The response should be an exact transcription of the data below, free of images.
### EXERCISE DATA ###
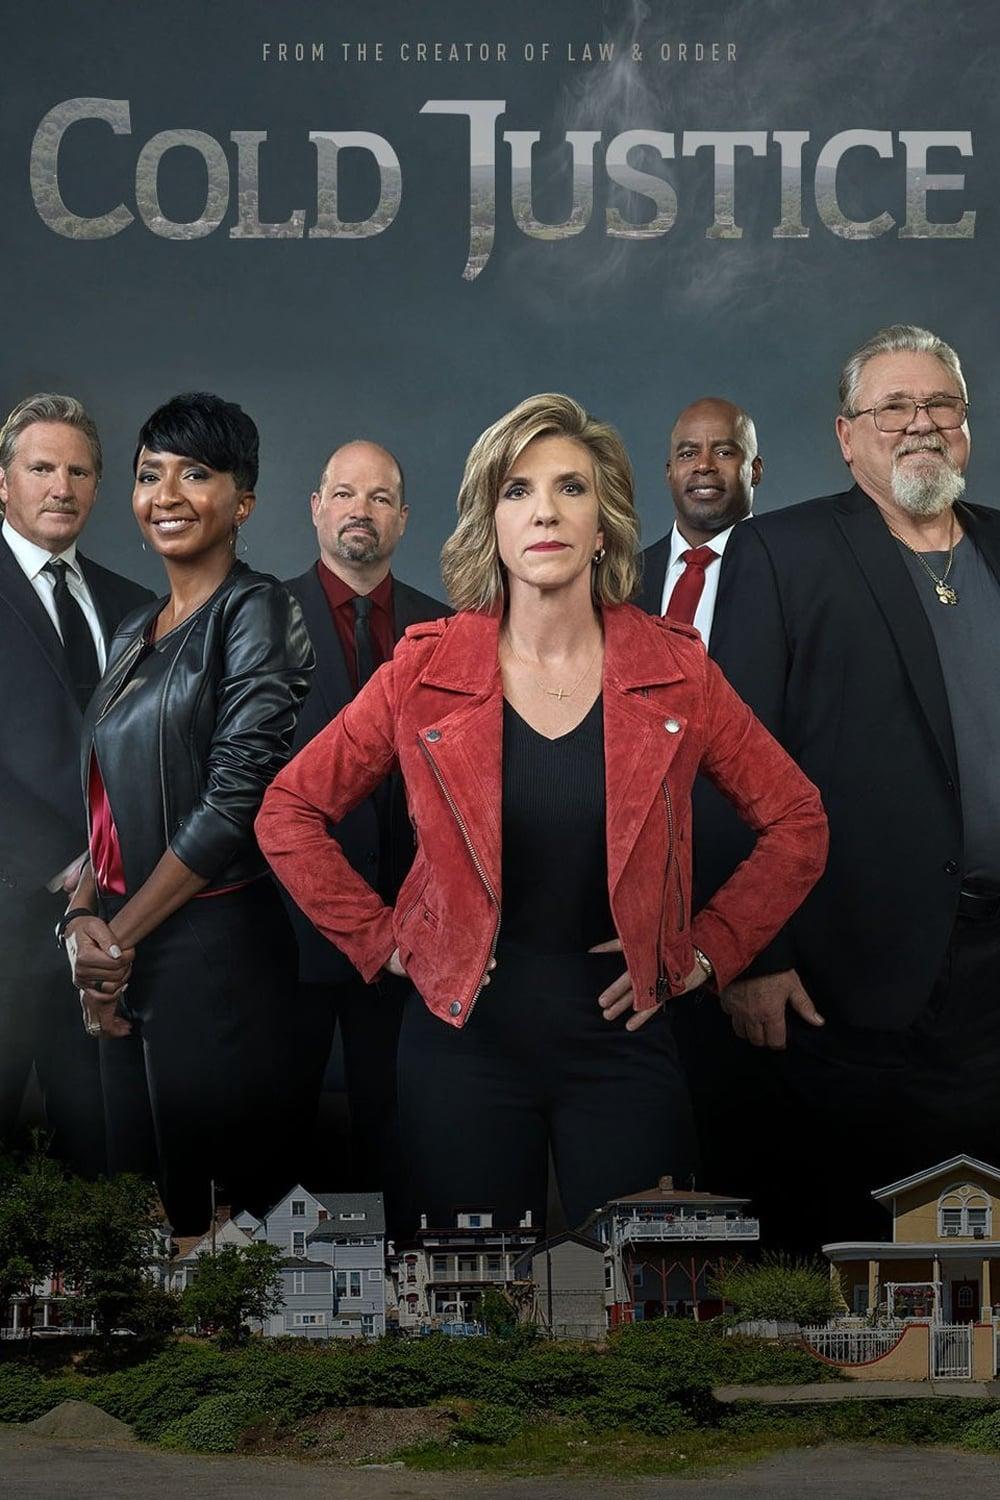 Cold Justice poster
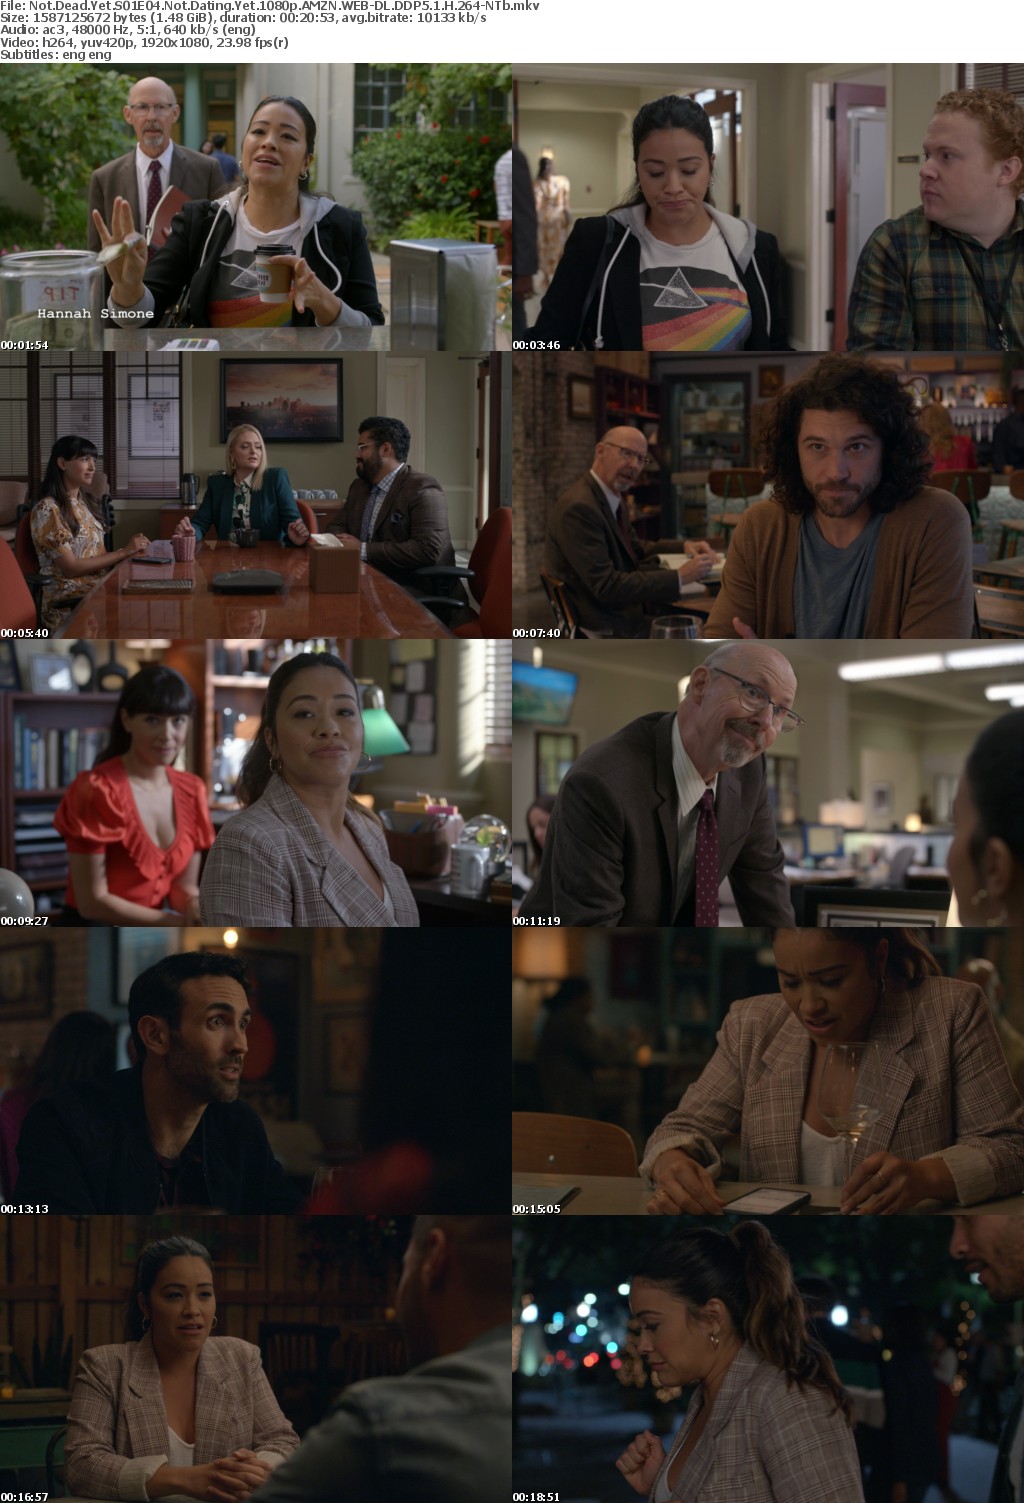 Not Dead Yet S01E04 Not Dating Yet 1080p AMZN WEBRip DDP5 1 x264-NTb
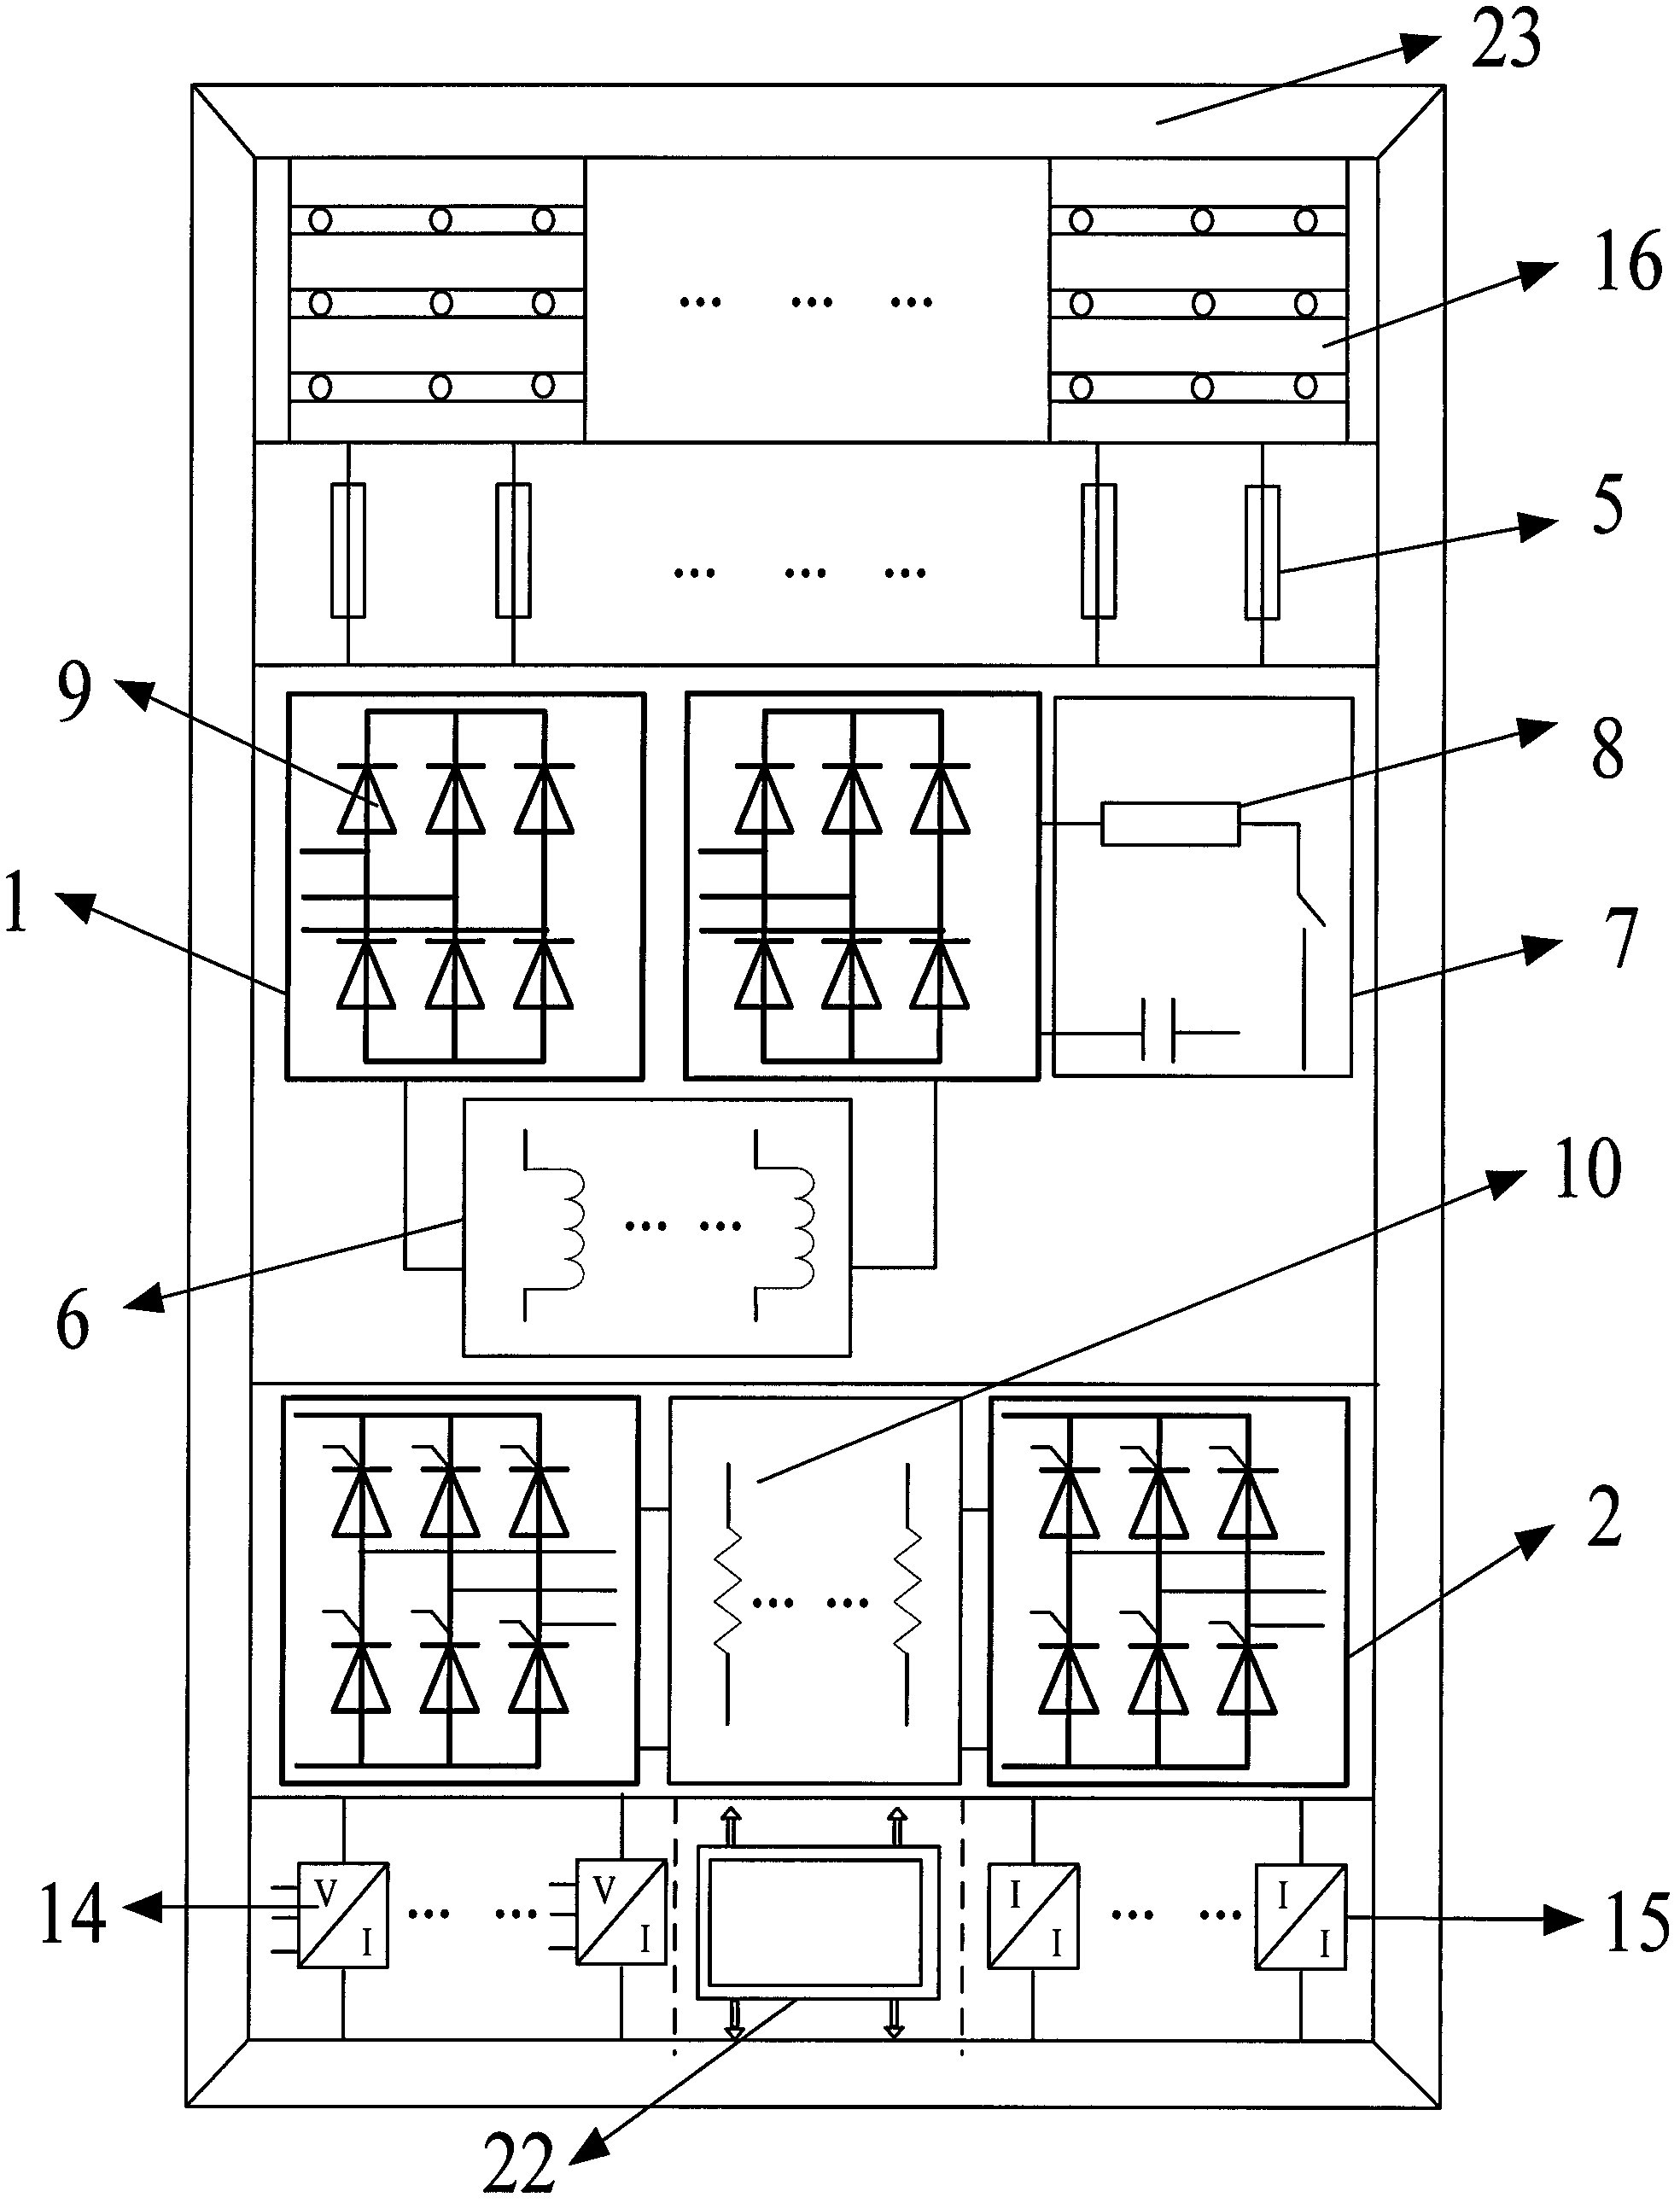 Multi-inverter module paralleling frequency conversion device for transmission system and control policy
###
- [TASK OUTPUT]
 Cold Justice poster
 Not Dead Yet S01E04 Not Dating Yet 1080p AMZN WEBRip DDP5 1 x264-NTb
 Multi-inverter module paralleling frequency conversion device for transmission system and control policy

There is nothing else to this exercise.